次に、66人の健康な成人を対象にした臨床試験が実施されました。参加者は2週間ずつ、クローバー蜂蜜入りヨーグルトと加熱処理済みヨーグルトを摂取し、便サンプルの提出や排便状況、気分や認知機能に関する質問票への回答を行いました。その結果、蜂蜜とヨーグルトを組み合わせることで、腸内でのプロバイオティクスの生存が支持されることが確認されました。

ただし、腸管通過時間、排便頻度、気分や認知機能指標には有意な変化は認められませんでした。研究者は、対象がすでに健康で規則的な排便習慣を持つ成人であったため、改善の余地が小さかった可能性を指摘しています。

さらに36人を対象とした追試では、蜂蜜添加ヨーグルト、砂糖添加ヨーグルト、加熱処理ヨーグルトの3条件が比較されました。結果として、蜂蜜添加群が最も多くプロバイオティクスを保持しましたが、健康指標への影響は確認されませんでした。

研究者は、1食分のヨーグルトに大さじ1杯の蜂蜜がプロバイオティクスの生存を支える可能性を示しつつ、蜂蜜は添加糖でもあるため摂取量への配慮が必要であると述べています。

蜂蜜は心血管代謝リスクを下げるのか

一方、トロント大学の研究チームは、蜂蜜の心血管代謝リスクへの影響を系統的レビューおよびメタ解析によって評価しました。成果はNutrition Reviewsに掲載されています。

この分析では、18件の対照試験、計1,100人以上の参加者データが対象となりました。

蜂蜜摂取は空腹時血糖値、総コレステロール、LDLコレステロール、中性脂肪、脂肪肝の指標を低下させ、HDLコレステロールおよび一部炎症マーカーを改善させる傾向が示されました。

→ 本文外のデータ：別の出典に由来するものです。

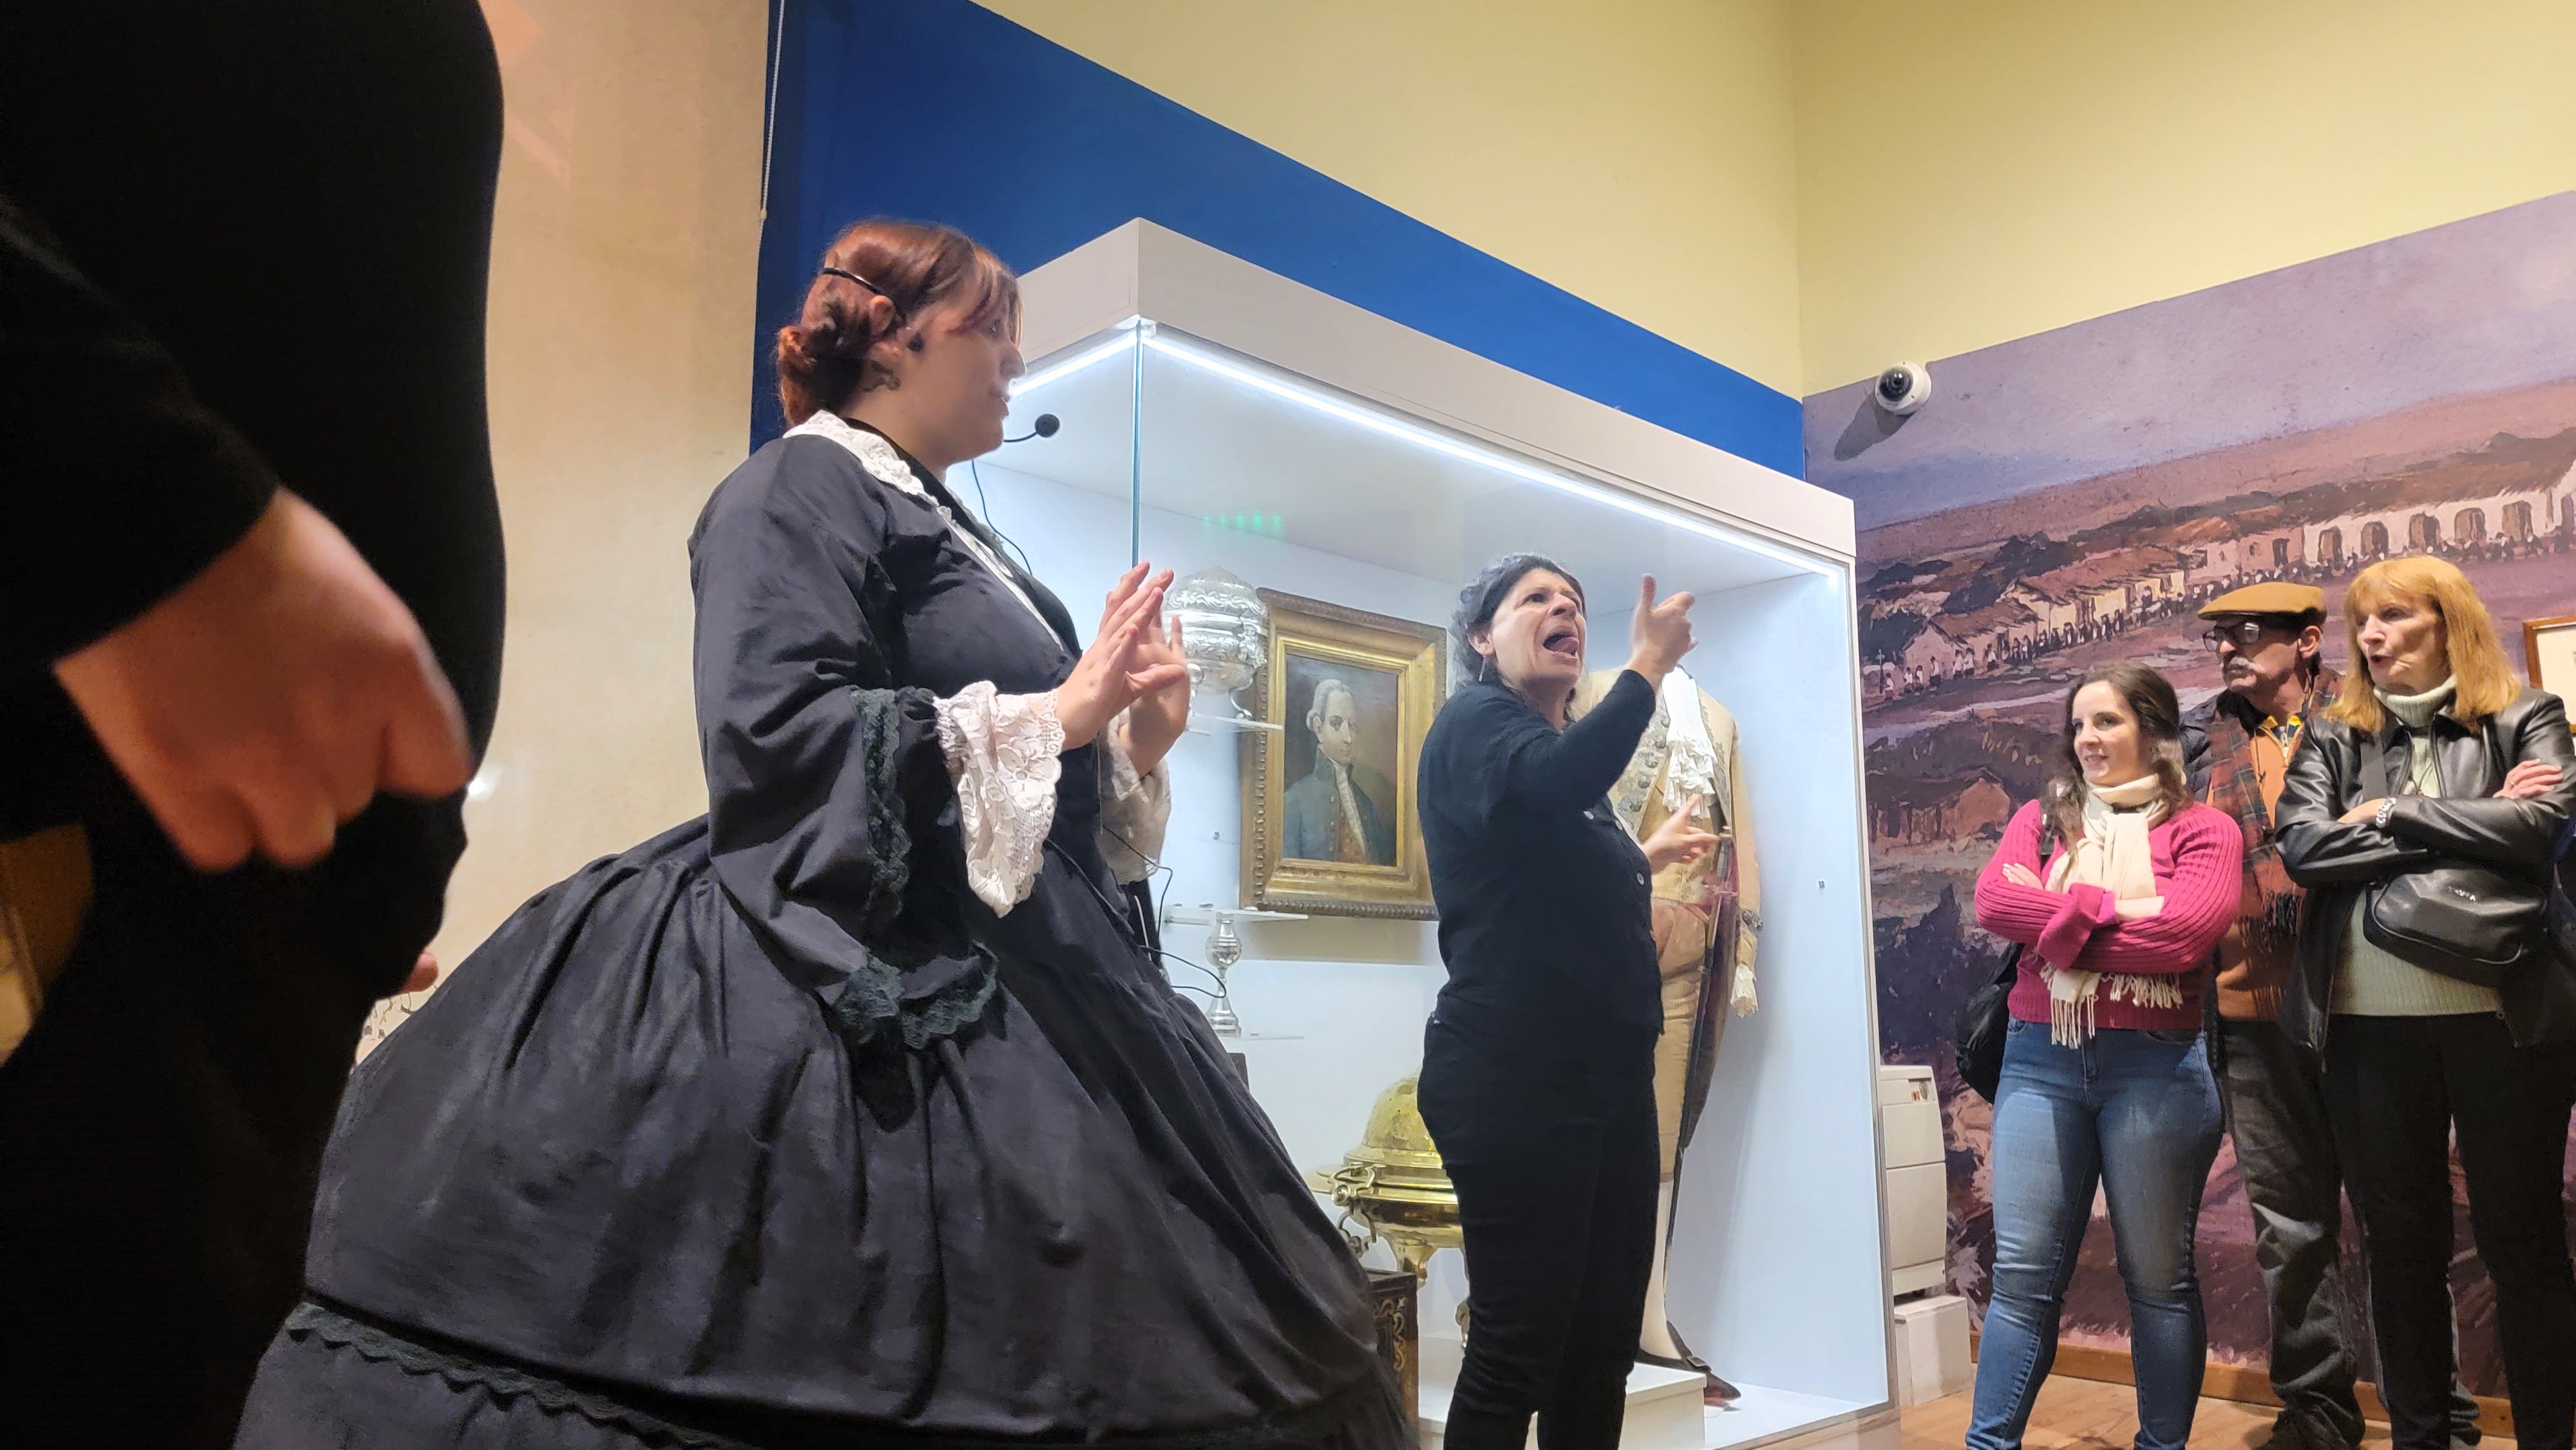 Fotografia en la que se observa en primer plano a la guia del museo vestida con traje del siglo 19 y a su izquierda interprete

試験の中央値は1日40グラム(約大さじ2杯)、期間は8週間でした。特に未加熱の生蜂蜜や、単一花源の蜂蜜(アカシアやクローバーなど)で効果が顕著でした。

研究者は、蜂蜜の約80%が糖であるにもかかわらず、一般的な砂糖とは異なり、希少糖、タンパク質、有機酸、生理活性化合物などを含む複雑な組成が作用している可能性を指摘しています。ただし、エビデンスの確実性はグレード評価で多くが低〜中程度であり、質の高い一貫した研究が今後必要とされています。

また、研究の文脈として、参加者は総エネルギー摂取に占める添加糖を10%以下に抑えた健康的な食事パターンを維持していました。研究者は蜂蜜を新たに大量摂取することを推奨しているわけではなく、砂糖やシロップなど他の甘味料の代替として蜂蜜を用いる可能性に言及しています。

二つの研究が示す位置づけ

イリノイ大学の研究は、蜂蜜がヨーグルト中のプロバイオティクスの腸内生存を助ける可能性を示しましたが、短期的な健康指標への影響は確認されませんでした。トロント大学の研究は、蜂蜜摂取が心血管代謝リスク指標に対し中立または有益な効果を持つ可能性を示しましたが、エビデンスの質には限界があります。

いずれの研究も、蜂蜜を万能な健康食品として位置づけているわけではありません。しかし、加工度や花源の違い、摂取量の文脈によっては、単なる精製糖とは異なる作用を持つ可能性が示唆されています。